In the last year and a half we have discussed a hundred ingredients, we have looked at growing patterns, raw food and freegansim, we've lit rocket stoves, cooked together, swapped plants, read books, watched documentaries, and immersed ourselves in the living fabric of food, and reported all our findings. Our main task is to bring awareness in an area where there is a lot of denial. Most people live their lives entirely disconnected from food production, from these fields. Our task is to reconnect, investigate, make conscious, reduce carbon emission in all aspects of our meals - transport, packaging, waste. But most of all to change what and how we eat. How do you wean yourself away from a highly processed, ready-cooked, addictive diet, from a culture built on bourgeois cuisine, that makes feast food an every day occurance and turns organic "peasant" food into something that is weird and elitist? How do you eat ethically, ecologically, economically, with heart, in sych with all creatures, all life on earth?

In Transition Norwich we started by mapping: Norwich FarmShare began with a plan called Can Norwich Feed Itself? The Low Carbon Cookbook began with Deconstruct the Dish, an exercise which places attention on the material, engaging the imagination, our ability to cross-reference and make different pathways, to ask ourselves questions.

This is how it goes: every-one sits down at a table with a large sheet of paper (two people to one piece). You draw a circle and put all the ingredients of the dish inside. Then you take each ingredient and write everything you know about it alongside. You ask yourself and/or your drawing partner: Where did I buy this? Which land did it come from? How did it get here? What people were involved? What’s my relationship with them? When did I first eat this dish? Then you share what you discovered with everyone in the room.

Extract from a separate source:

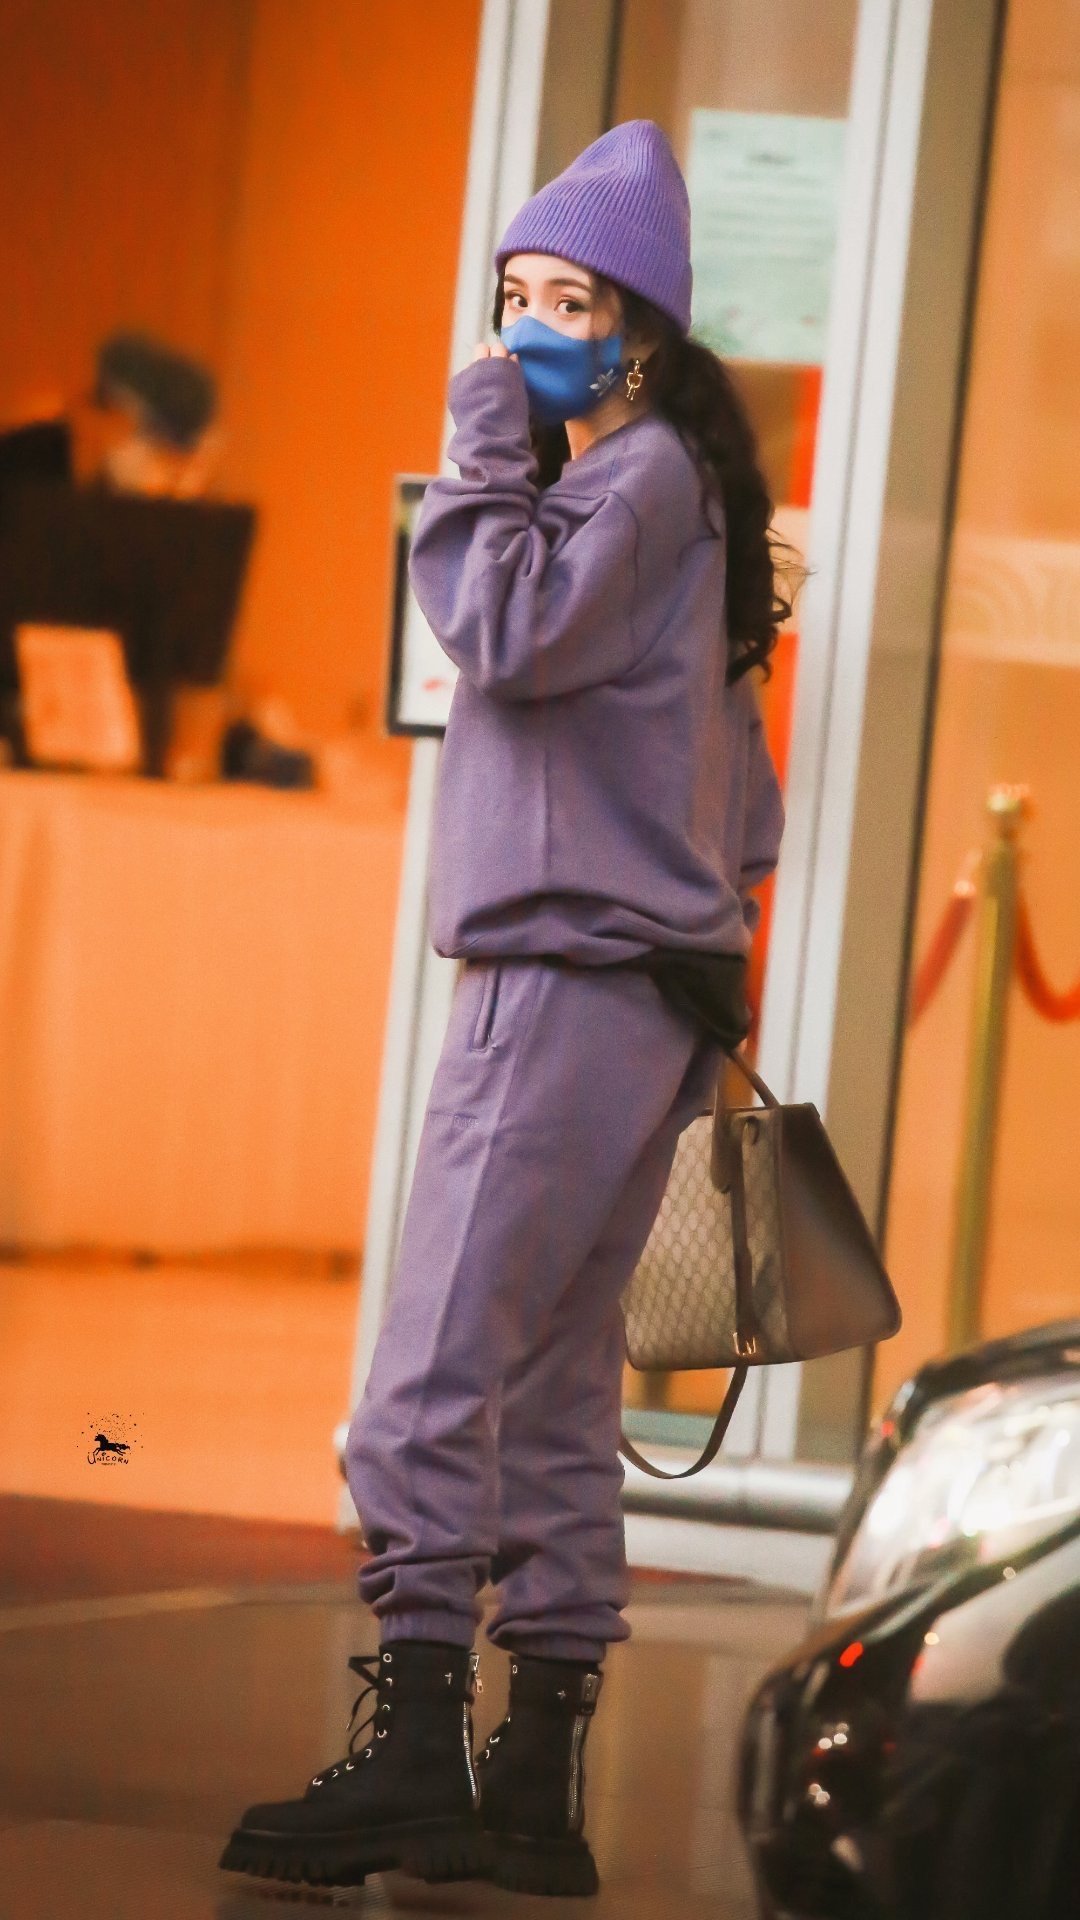 杨幂今日机场造型 穿紫色套装 大波浪卷发配上紫色帽子好可爱 娱乐 蛋蛋赞
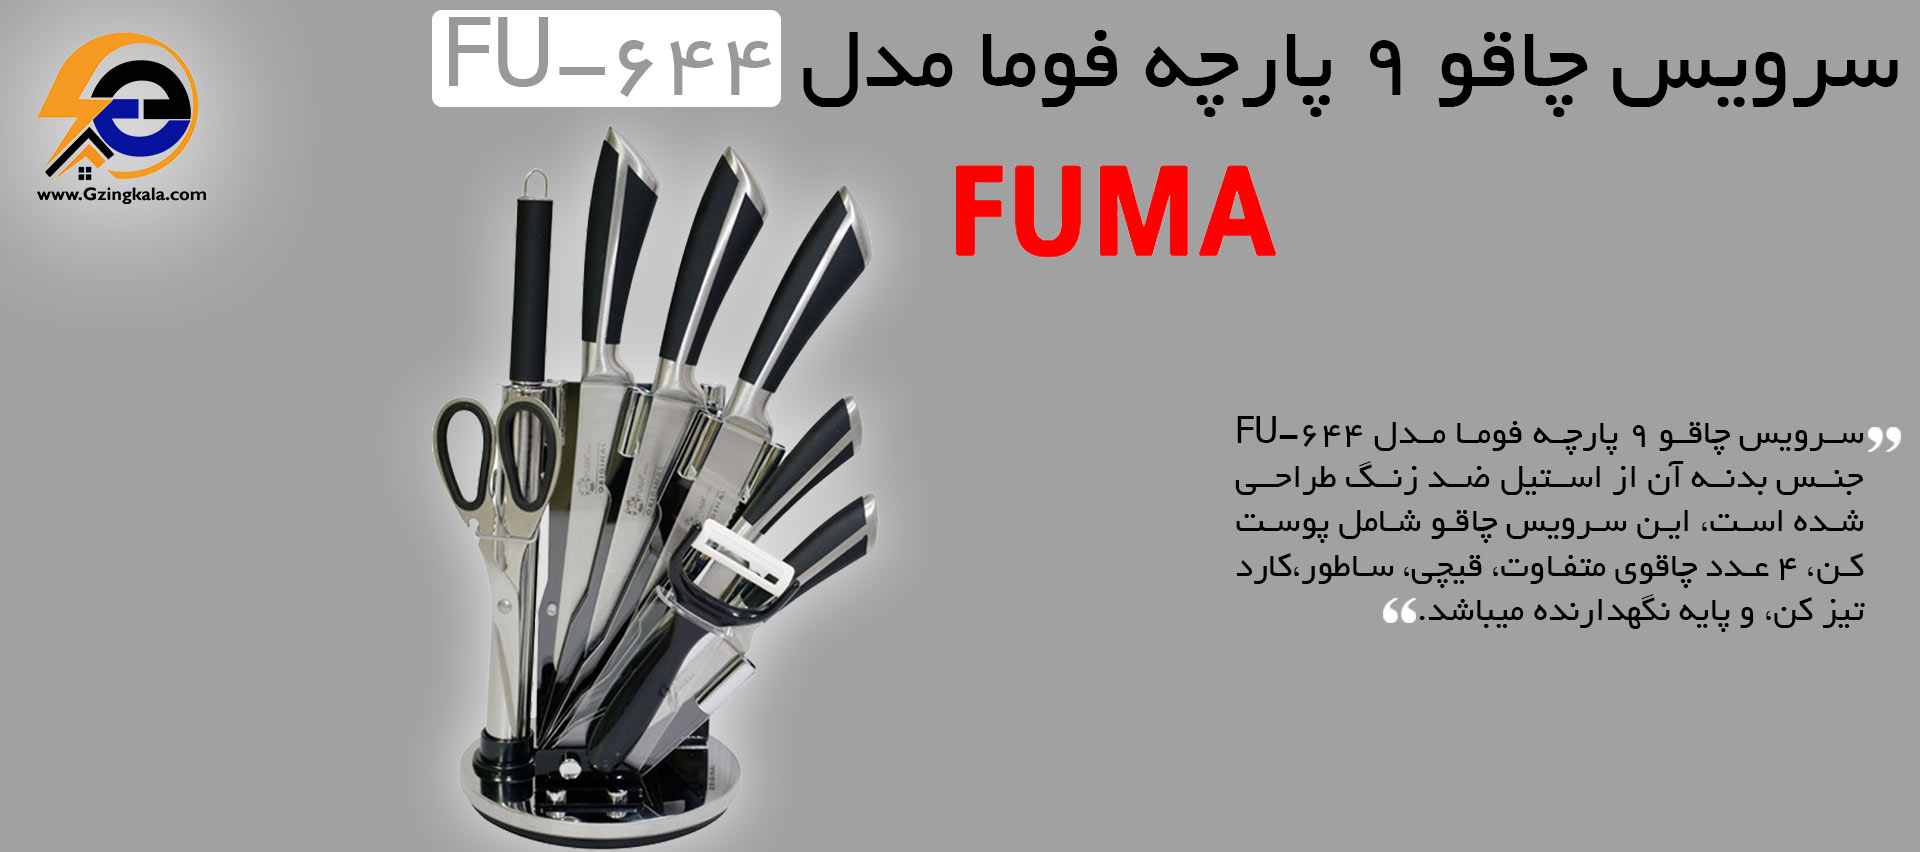 سرویس چاقو 9 پارچه فوما مدل FU-644

The dish I brought was Fava, which means bean in Greek. It's made with yellow split peas, traditionally served with eggs, red onion and olives. Beans are the big story. Right now we're working with field beans: one kind of bean that grows brilliantly in these fields and makes one of the best hummus I have ever tasted. Soon to be available in food stores in Norwich, thanks to Josiah and Nick Saltmarsh of Provenance and East Anglia Food Link.

Quinoa

4pm Going out into the garden to pick the salad, for tonight's Cook-book meeting. I'm pretty sure Erik will bring leaves from among the 76 plants he grows in his permaculture garden in Hethersett - sorrel, land cress, lovage, early lettuce (maybe), salad burnet (for sure), so I'm collecting some perky wild leaves to add to the base mix - dandelion, cleavers, daisy, chickweed, yarrow, mugwort, hawthorn, with some flowers - violet, primrose, rosemary and alexanders. I'm walking past my donated strawberries and cherry and apple trees now coming into blossom, the three greengages, blackcurrant and gooseberry bushes in flower, rhubarb coming up. Apart from oranges and lemons, I only eat seasonal fruit, so Im looking at those trees with joyful anticipation.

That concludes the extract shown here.